Only the lines from the one containing "Smartsupp.com - Website" through the final line below belong in the output, copied exactly and without pictures.

DATASET EXTRACT:
+---+
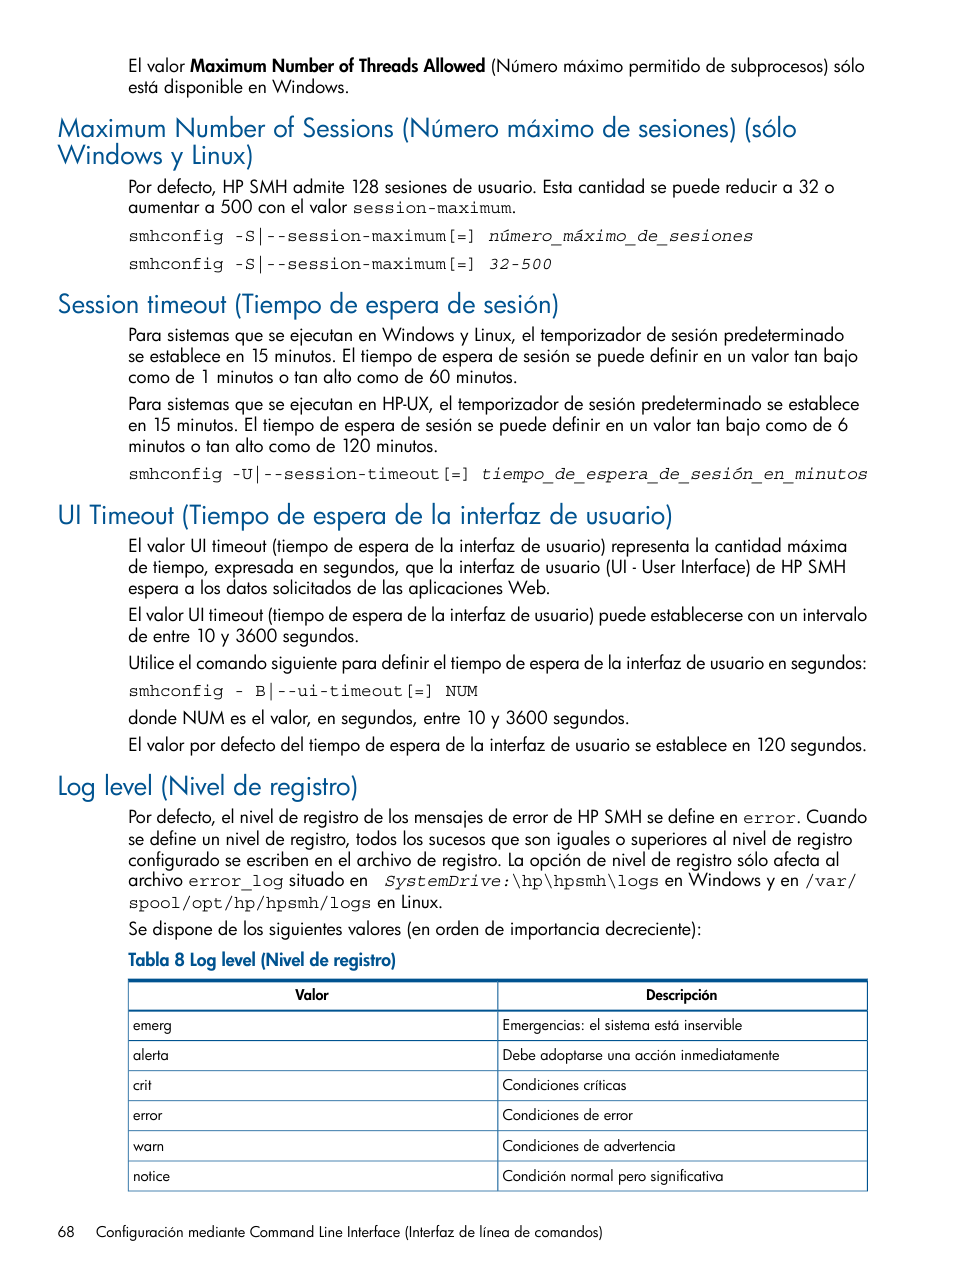 Session timeout (tiempo de espera de sesión), Log level (nivel de registro) | HP Software HP System Management Homepage Manual del usuario | Página 68 / 105
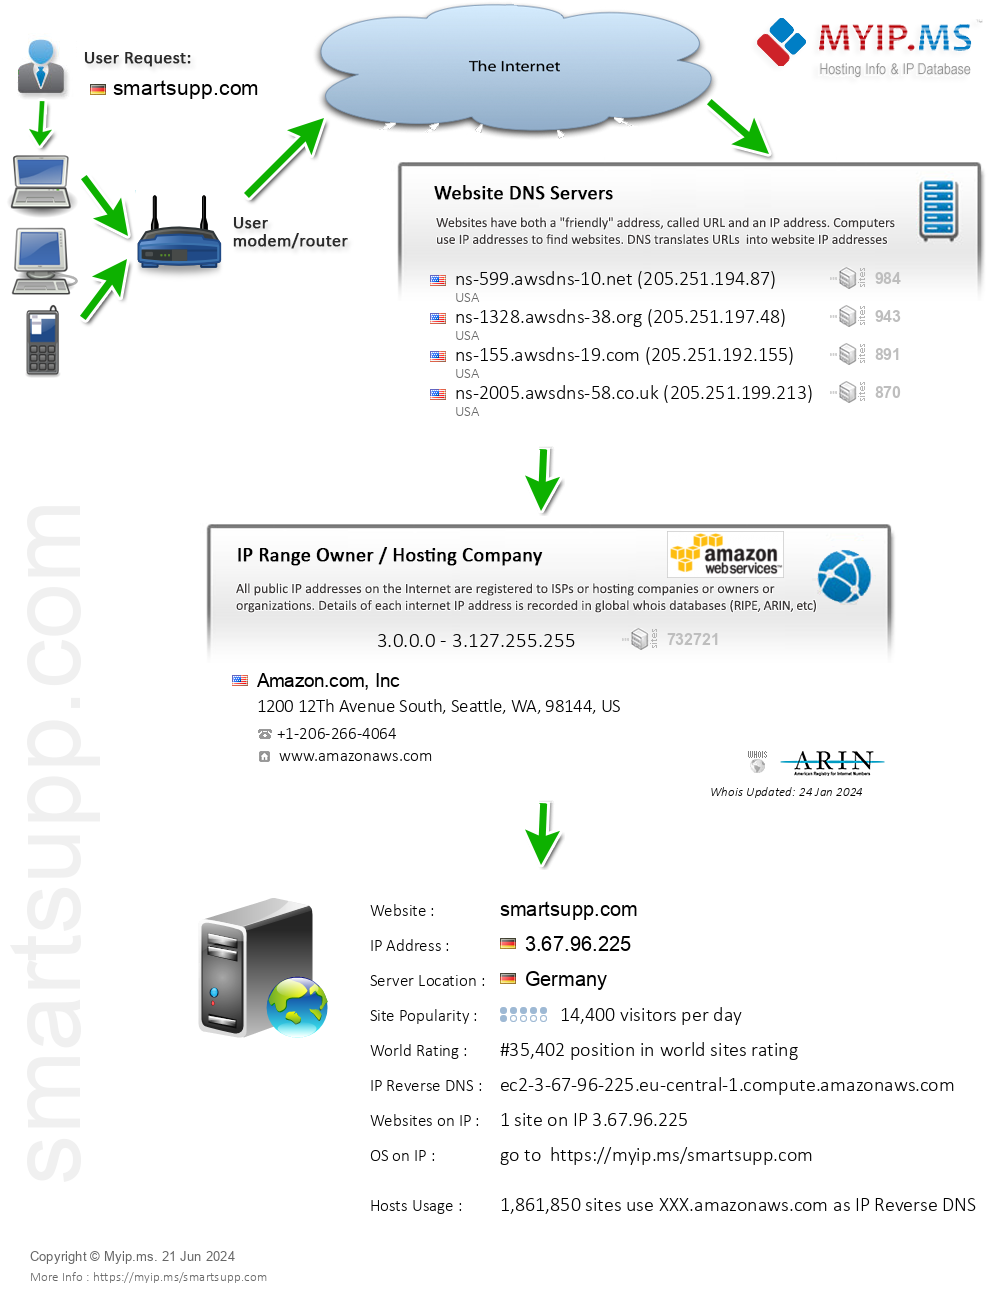 Smartsupp.com - Website Hosting Visual IP Diagram
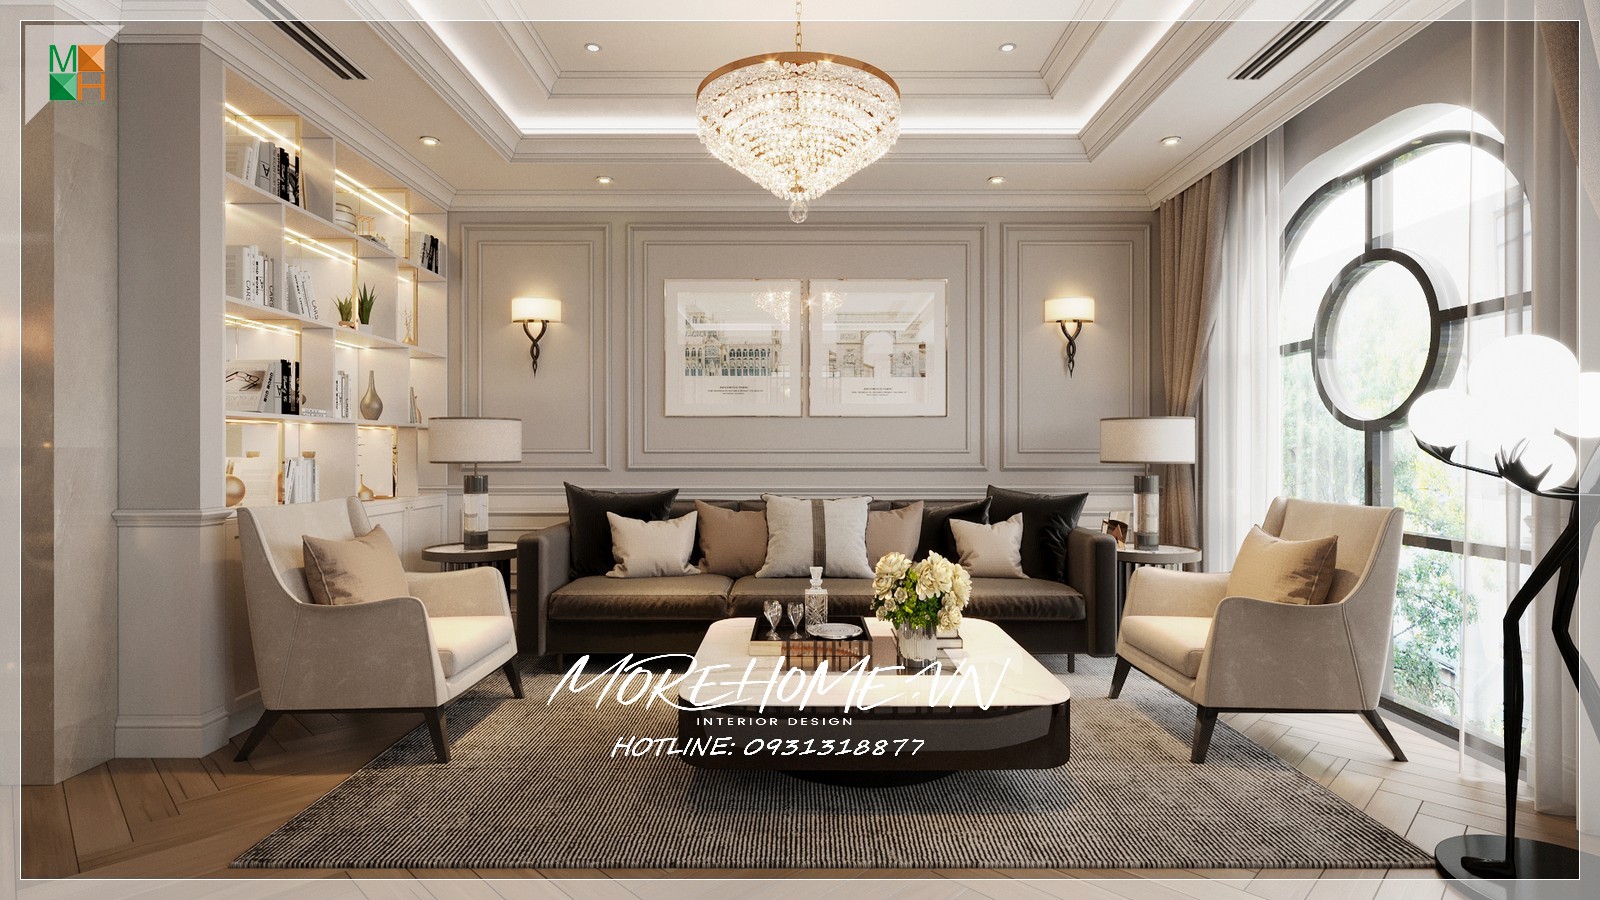 Bàn trang trí phòng khách được thiết kế theo phong cách hiện đại tinh tế, chiếc bàn nhận được sự quan tâm và tin dùng của số đông các chủ hộ. Chiếc bàn trang trí được sử dụng để đặt đèn để bàn hoặc
+---+
RESPONSE TO THIS EXERCISE:
 Smartsupp.com - Website Hosting Visual IP Diagram
 Bàn trang trí phòng khách được thiết kế theo phong cách hiện đại tinh tế, chiếc bàn nhận được sự quan tâm và tin dùng của số đông các chủ hộ. Chiếc bàn trang trí được sử dụng để đặt đèn để bàn hoặc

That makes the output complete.